UK tax law provides special rules for an individual who is resident, but not domiciled, in the United Kingdom.

These rules apply for income tax, capital gains tax, and inheritance tax.

First, a look at the income tax and capital gains tax position.

An individual who is resident and domiciled in the United Kingdom is taxed, on an arising basis, on his worldwide income and gains, .

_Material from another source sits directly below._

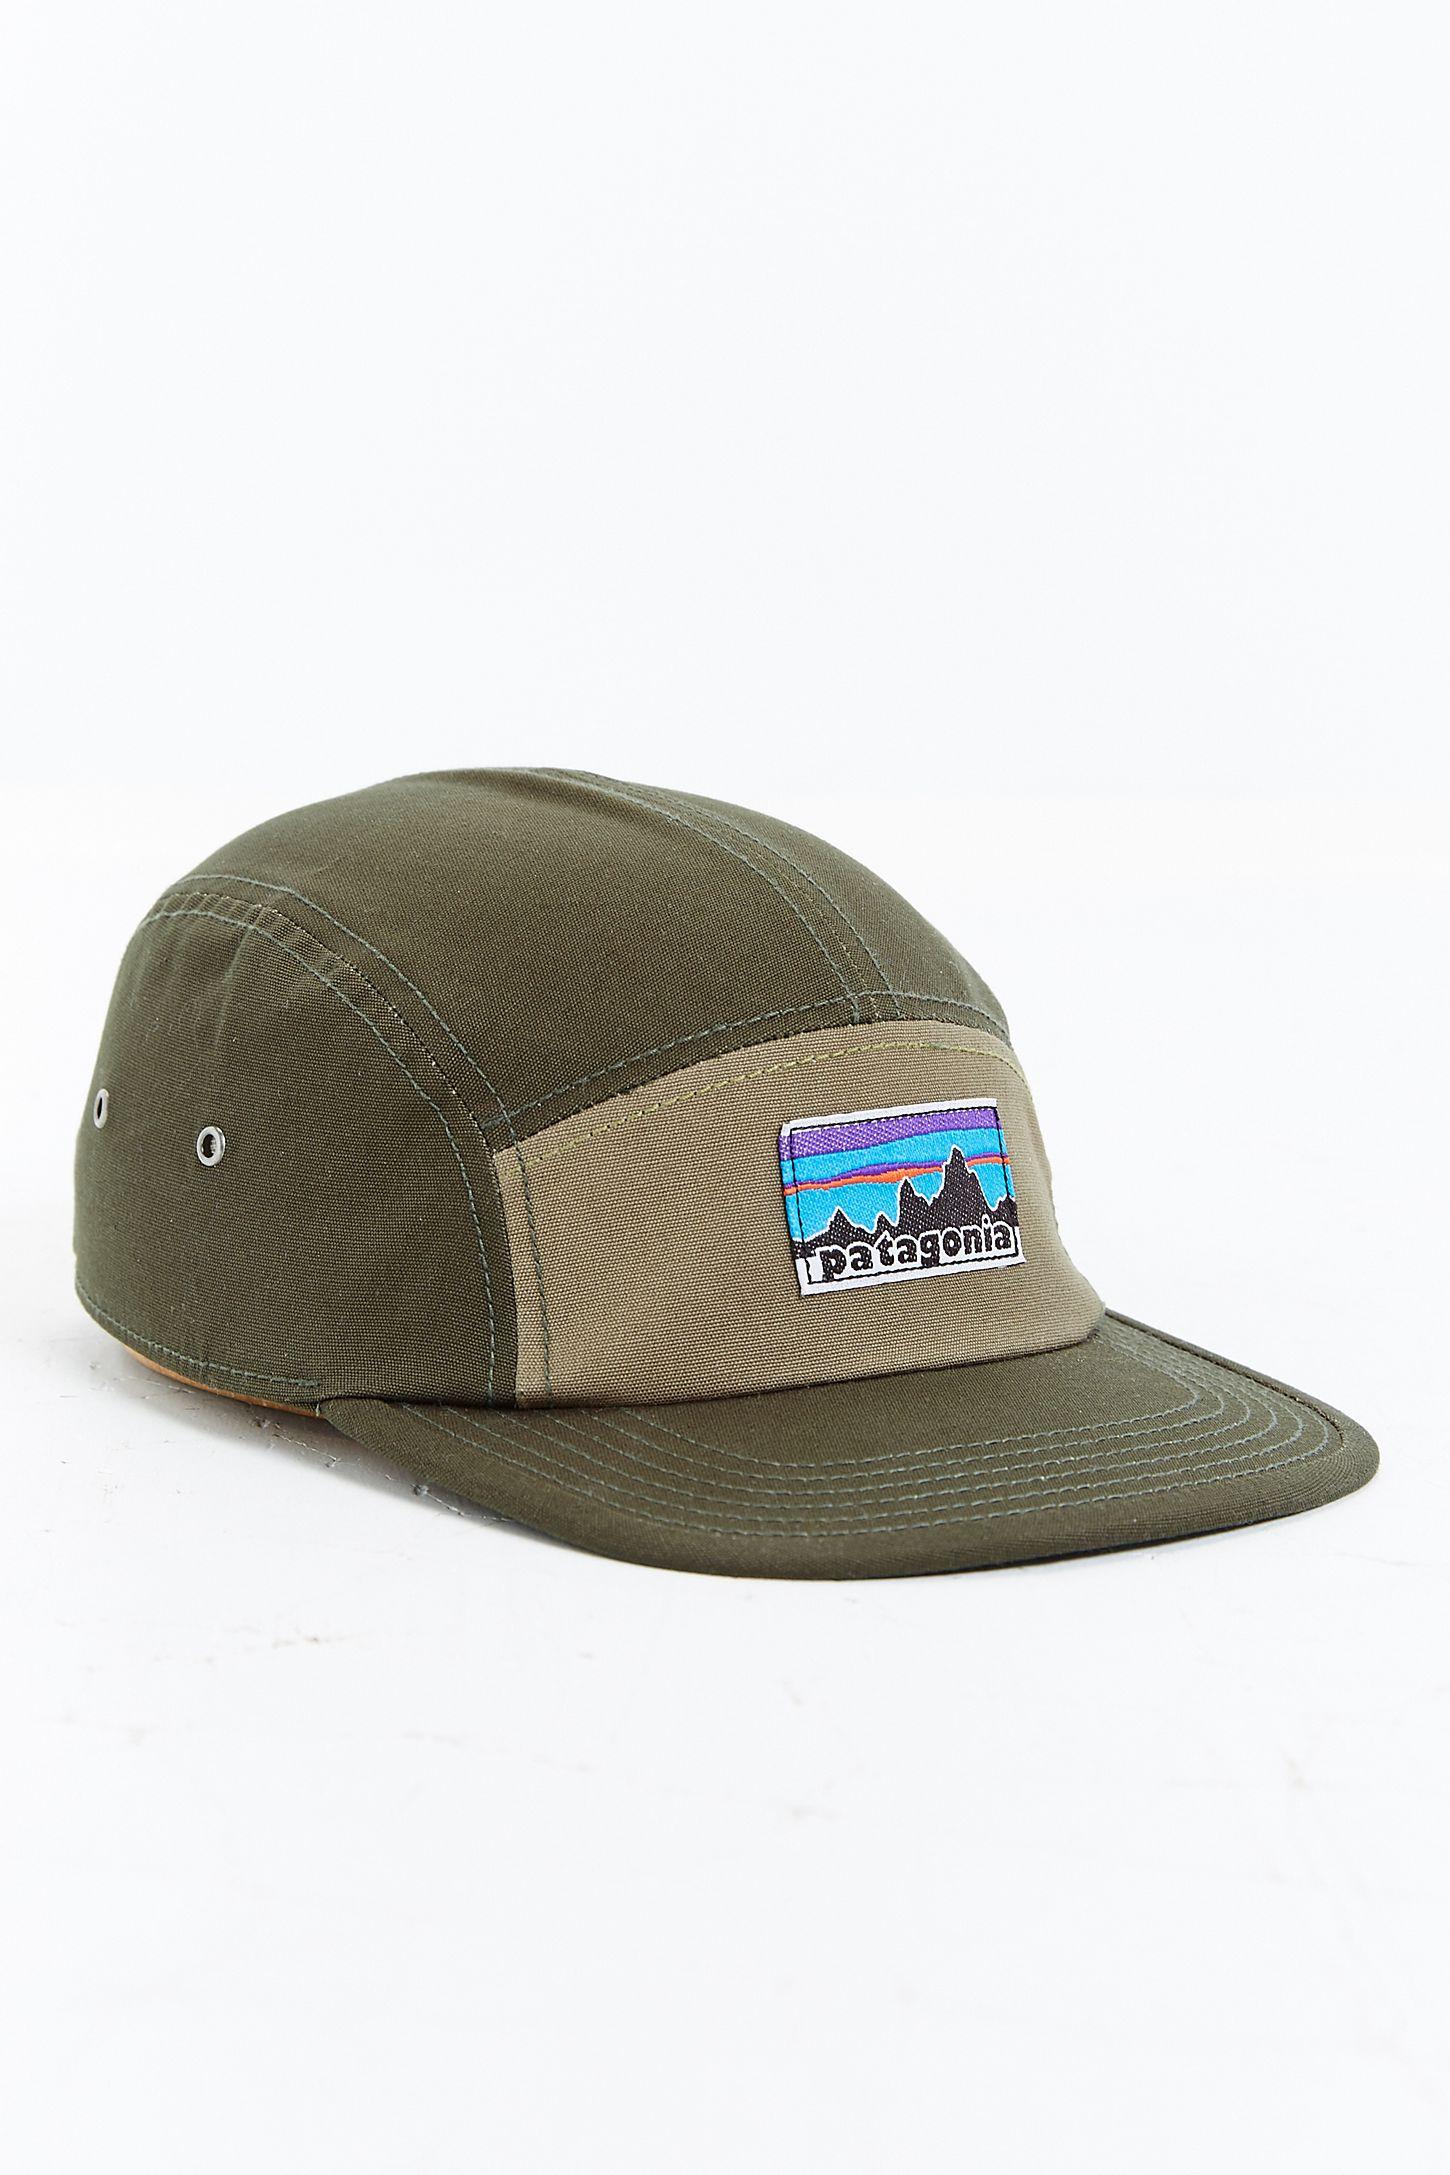 27cbb6647cf87 Patagonia Retro Fitz Roy Label 5-Panel Baseball Hat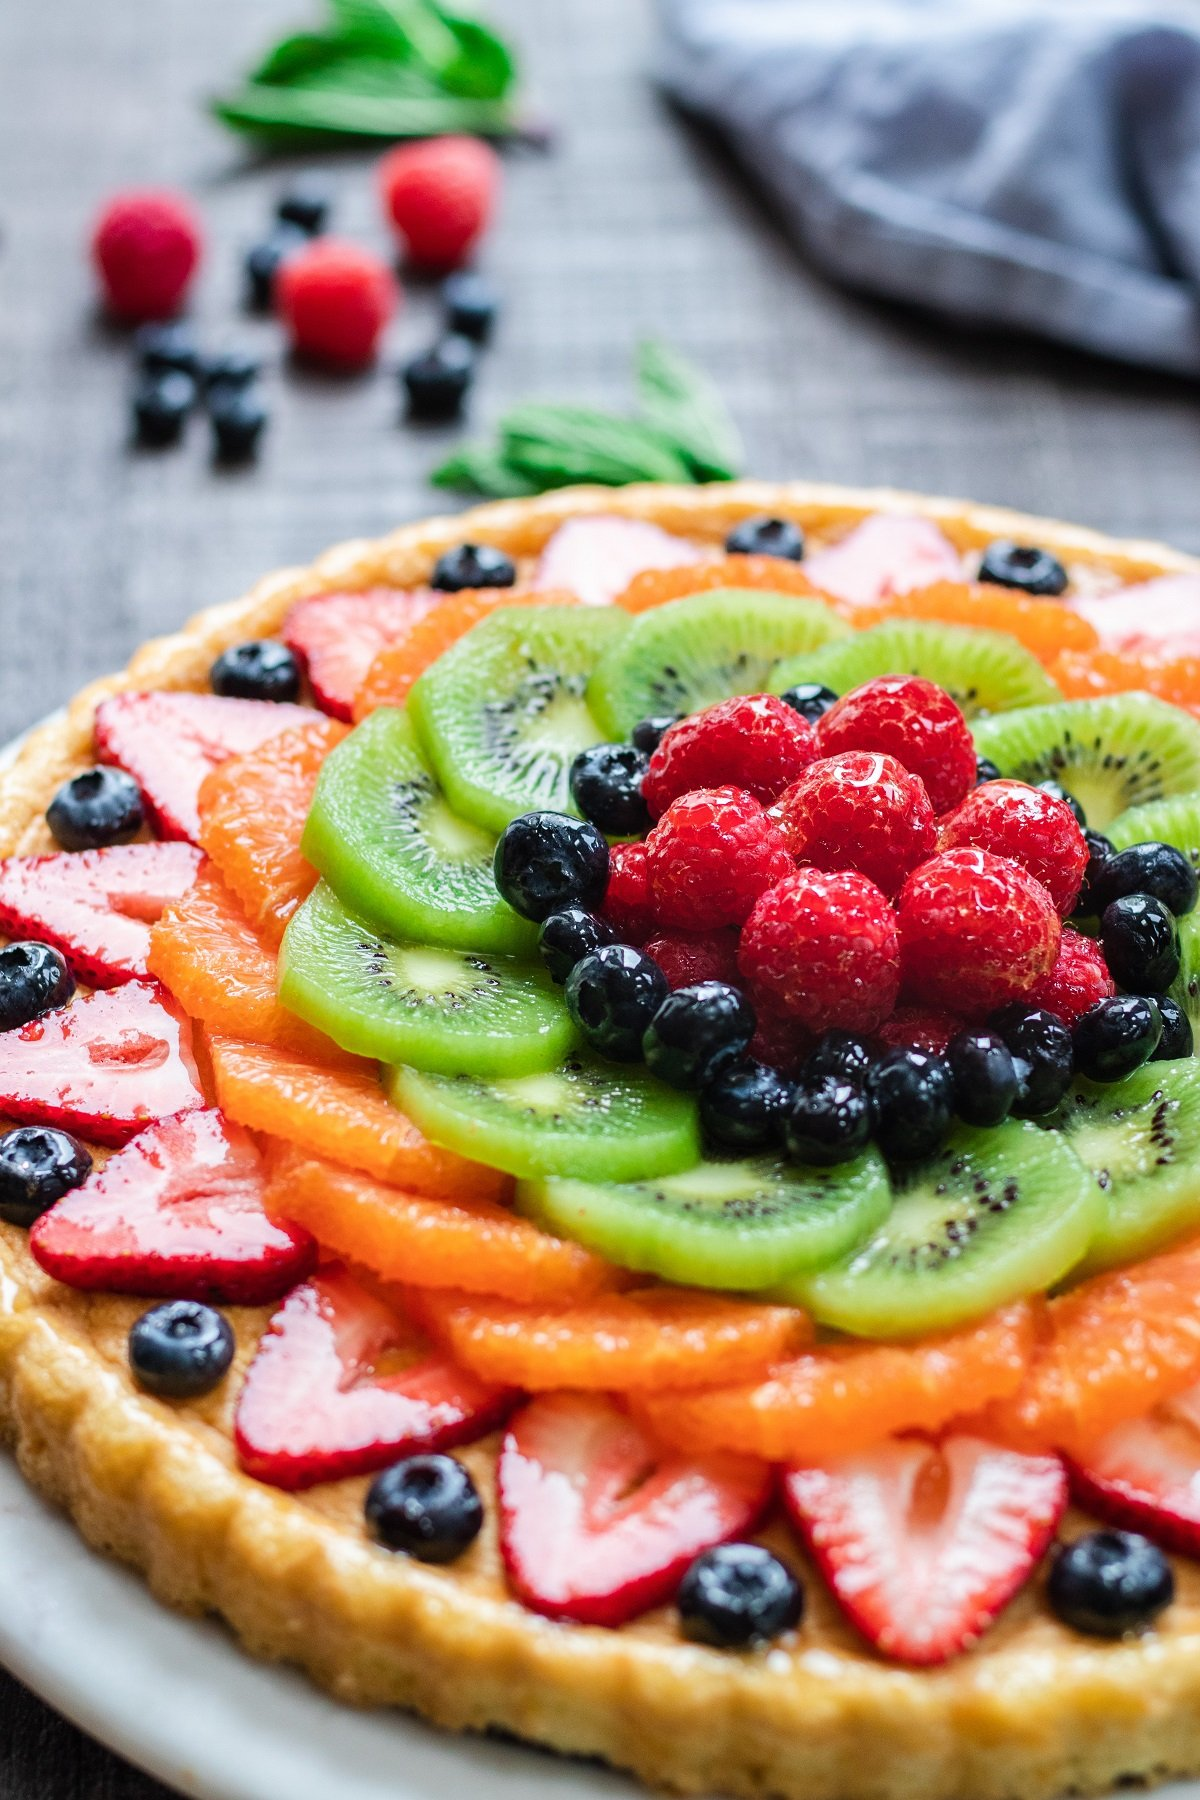 Glazed German Fresh Fruit Flan – a classic, delicious recipe showcasing beautiful fruit on light, lemon-scented sponge cake! giveitsomethyme.com

An individual who is UK-resident, but not UK-domiciled is taxed, on an arising basis, on her UK income and gains . However, for her foreign income and gains, she may elect for those to be taxed in the UK on a “remittance basis”. Basically, this means that such income and gains would only be subject to UK tax if remitted there. The definition of “remittance” is quite broad, and goes beyond the straightforward matter of transferring money to the UK. For example, it will also catch the situation where a non-domiciled individual uses foreign income (held in a bank account abroad) to settle UK bills, e.g. school fees.

Subject to a narrow exception, remittance basis taxation does not apply automatically – although it did in the past. Exception aside, if a taxpayer wishes to use the remittance basis, she must make a claim for it.

The domicile of an individual is also relevant for inheritance tax purposes. For example, foreign-situate assets of a non-UK domiciled individual are treated as “excluded property” for the purposes of inheritance tax.